Whole-body plethysmography is a noninvasive, indirect method of studying respiratory function in conscious, unrestrained animals. This method has been used particularly in pharmacologic and toxicologic studies in diverse animal species including mice,^3,9,14,15,38 rats,^8,20 cats,²² dogs,^16,34 and pigs.¹³ The present study was designed to investigate the extent to which routine procedures affect breathing parameters in a transgenic mouse colony. Male and female mice were exposed to 4 routine procedures that are used for DNA sampling and identification of transgenic mice (ear marking, tail clipping, and tail vein and retroorbital blood sampling). Respiratory parameters were recorded by whole-body plethysmography immediately and at 4, 24, and 48 h after the procedure. Handling and restraint were used as control procedures.

Materials and Methods

The study protocol was reviewed and approved by the Internal Ethics Committee of the Cantacuzino National Institute for Research and Development in Microbiology and Immunology (Cantacuzino NIRDMI). All animal care was in accordance with standards set forth in the Council Directive 86/609/EEC.⁶

Animals and housing conditions.

Male and female Balb/c × TCR-HA^+/– F1 hybrid mice (F1h; age, 8 to 10 wk) from the transgenic breeding colony of the Cantacuzino NIRDMI animal facility were conventionally housed, free of Mycoplasma spp. and Pasteurella spp., and used throughout the study. This transgenic animal model has been described previously.^4,21,30 The mice were housed in solid-bottom polycarbonate cages with wire-grid lids (Techniplast, Varese, Italy) with wood-chip bedding (Lignocel 3/4 S, JRS, Rosenberg, Germany). Untreated 8-mm pelleted diet (SB 780, NIRDMI Cantacuzino, Bucharest, Romania) and tap water were provided ad libitum. Cages, bedding, and water bottles were changed once weekly.

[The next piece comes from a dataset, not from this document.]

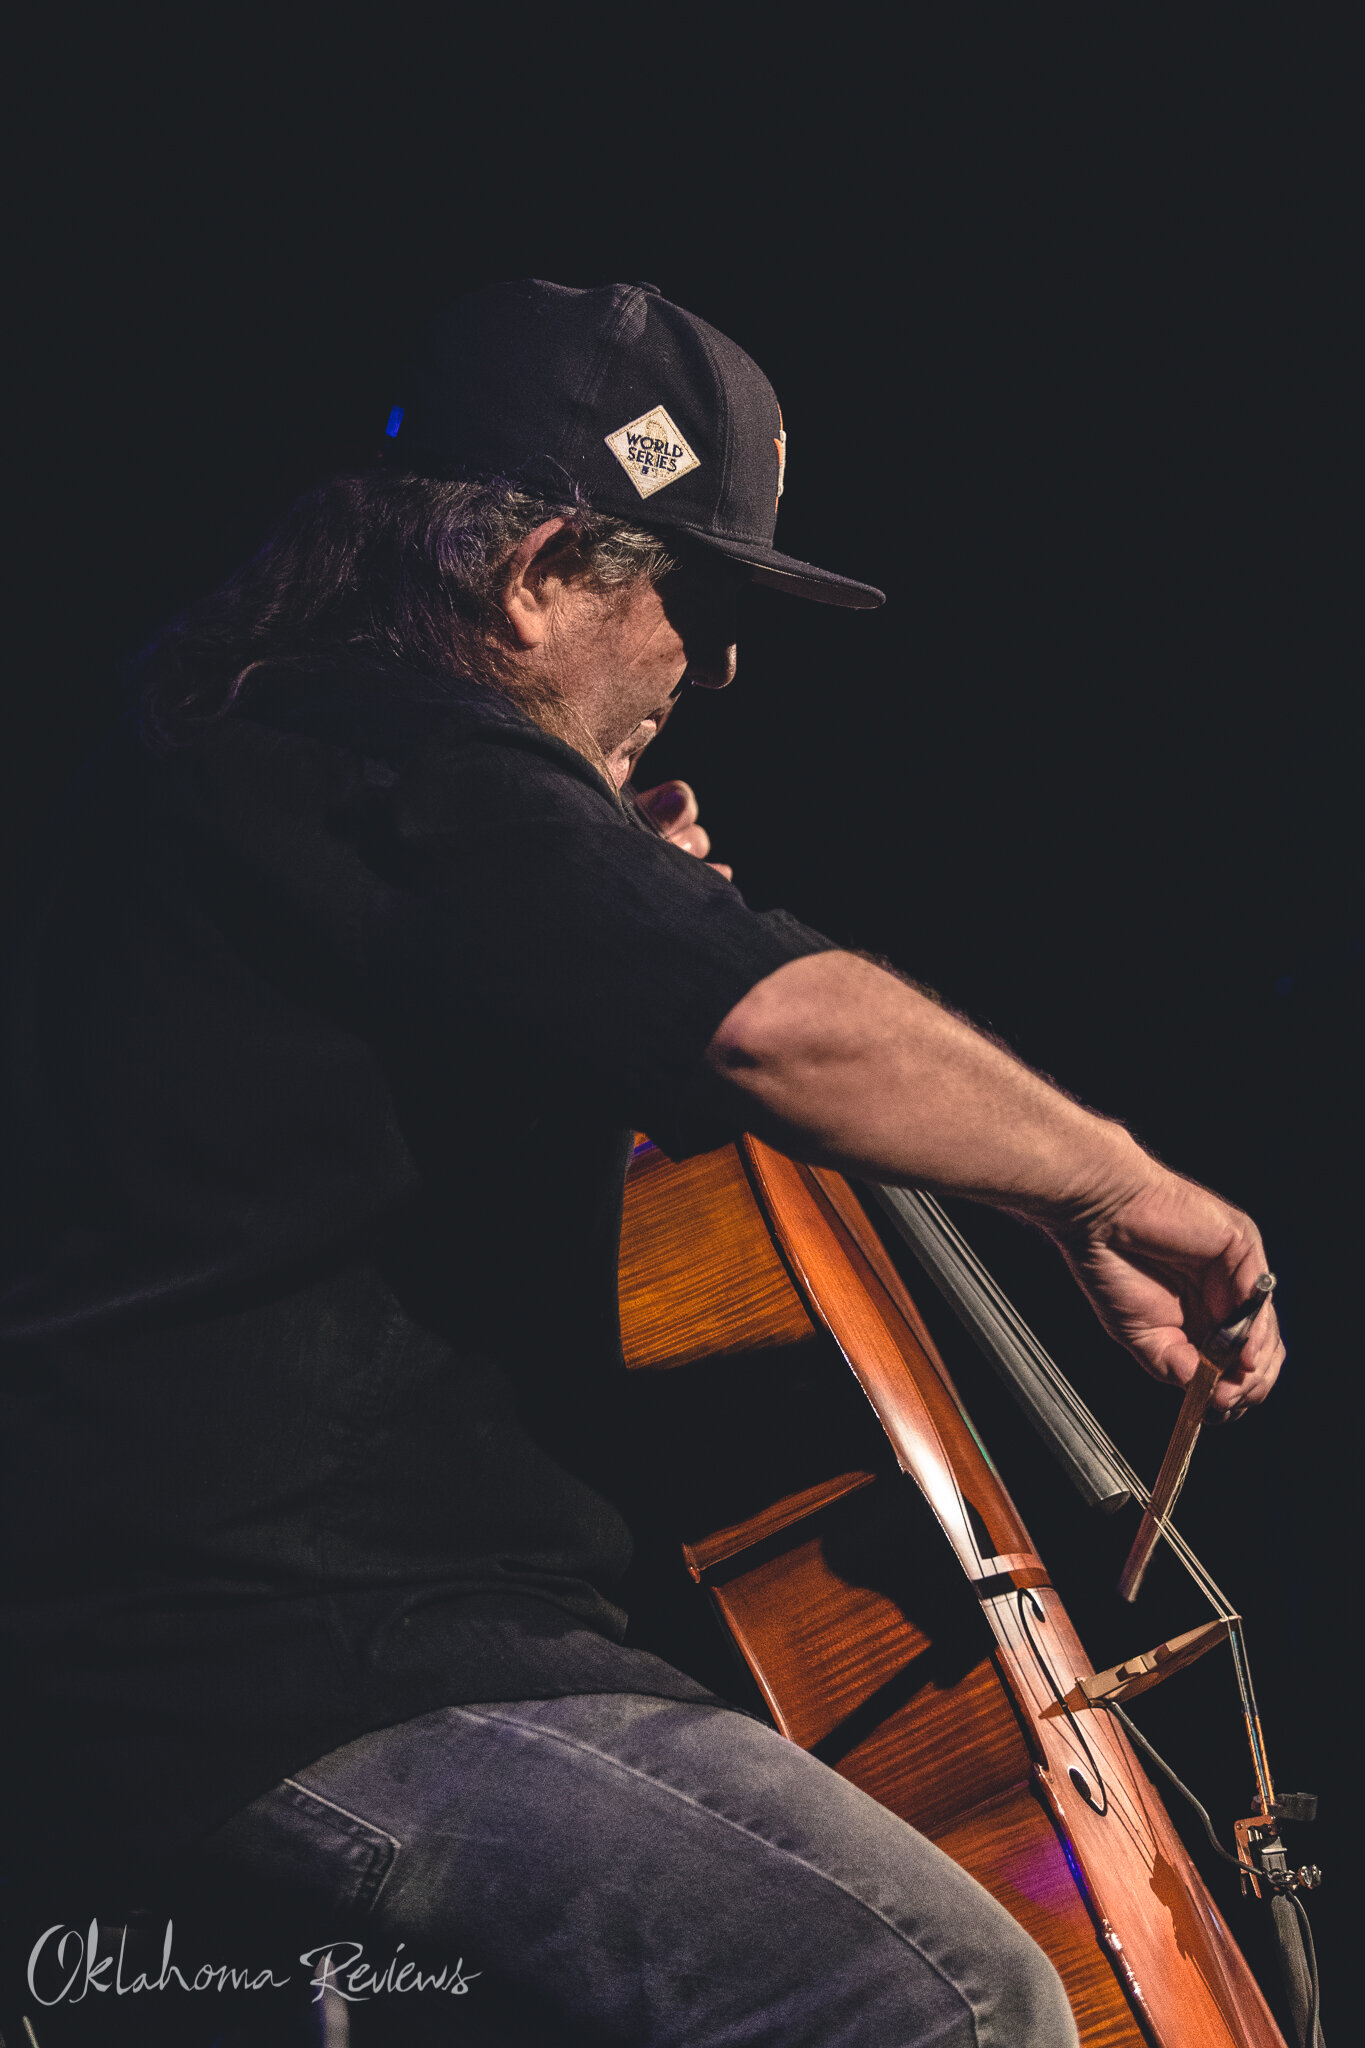 Mark Williams Cellist | The Oklahoma Reviews

Mice were assigned to 12 groups (3 mice per group per sex for each procedure) and allowed 3 d to accommodate to the new social environment. Male mice were kept in littermate groups. At the end of the experiment the mice were not euthanized and remained available for other experiments, thereby serving the imperative of the 3Rs.³¹

Plethysmography.

A single-chamber whole-body plethysmograph for mouse (model PLY 310, EMMS, Hampshire, UK) was used, and flow-derived parameters were recorded. The system was calibrated prior to each recording session. The preamplifier was zeroed and balanced, and calibration was performed by injecting 1 mL of air into the system and reading the effective range, according to the manufacturer's instructions. The box pressure signals were analyzed by using eDaq version 1.7 software (EMMS) to obtain values for tidal volume, inspiration time, expiration time, respiratory rate (no. of breaths per minute), minute volume, end-inspiratory pause, end-expiratory pause, and enhanced pause.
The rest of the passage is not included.